I think the cynicism of New Labour in its 'pomp' was the opposite side of its optimism in socio-economic ideology. They regarded democratic institutions (as opposed to abstract notions like 'the people') and political activity as something that could wreck their beautifully laid-out vision. Hence the constant sermons on the necessity for change and the abuse of the 'dinosaurs' that might question it.

I think the 2008 crash also took its toll on Blairite optimism, and the current leadership campaign proves just how generally cynical they are nowadays.

sam g

the question of whether we should be growth optimists or pessimists is one you could only pose to a casual empiricist, so invoking B Russell is not appropriate (and perhaps demonstrates a lack of empirical arguments for growth pessimism)

the question is incoherent, though. it helps to split it into two parts

1) will the developing world with capitalist institutions continue to experience catch-up growth?

hard to see how the answer to this could be no. we understand the growth trajectory this would imply fairly well, through studying the industrialization of advanced economies, as well as the spectacular growth of developing economies in the last thirty years. for catch-up growth it's clear to me that the burden or proof is on pessimists: what alternative theory tells you that this will not continue to apply?

2) will developed countries at the growth frontier continue to experience growth?

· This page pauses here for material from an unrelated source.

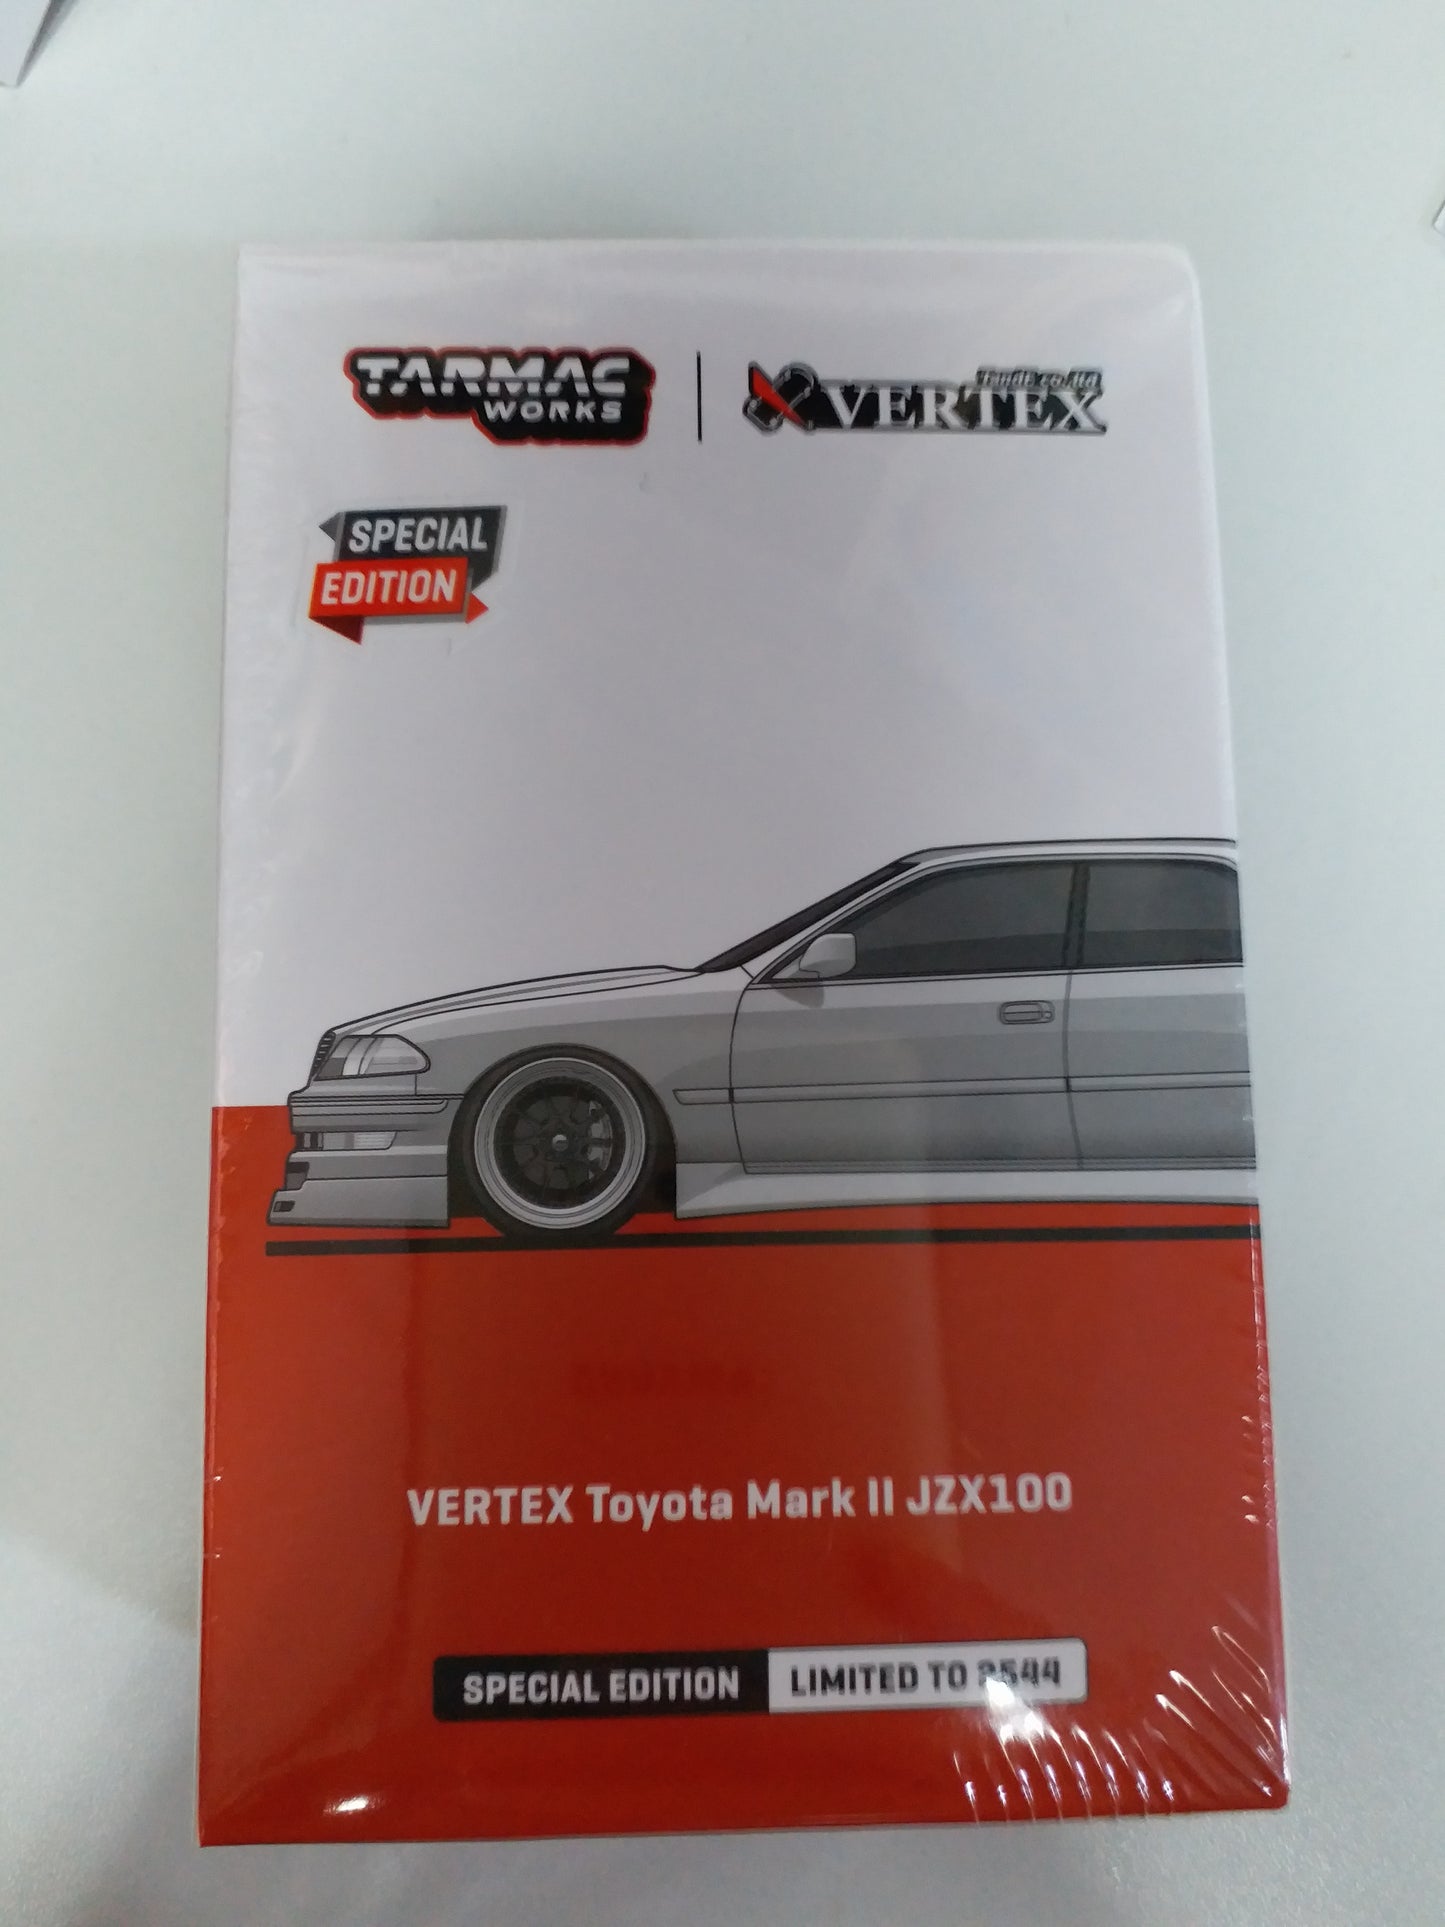 Tarmac Works 1:64 Scale Hong Kong Toy Car Salon 2023 exclusive

this is much more speculative. it is not an economist's job to predict future technological progress, and i think we should be at least theoretically agnostic on the point. however, 2 things to note here. first, we know that capitalism is good at providing institutions and incentives that make technological innovation possible. second, as noted by Piketty, even a growth rate of 1% is revolutionary. and even developed countries net above that on average.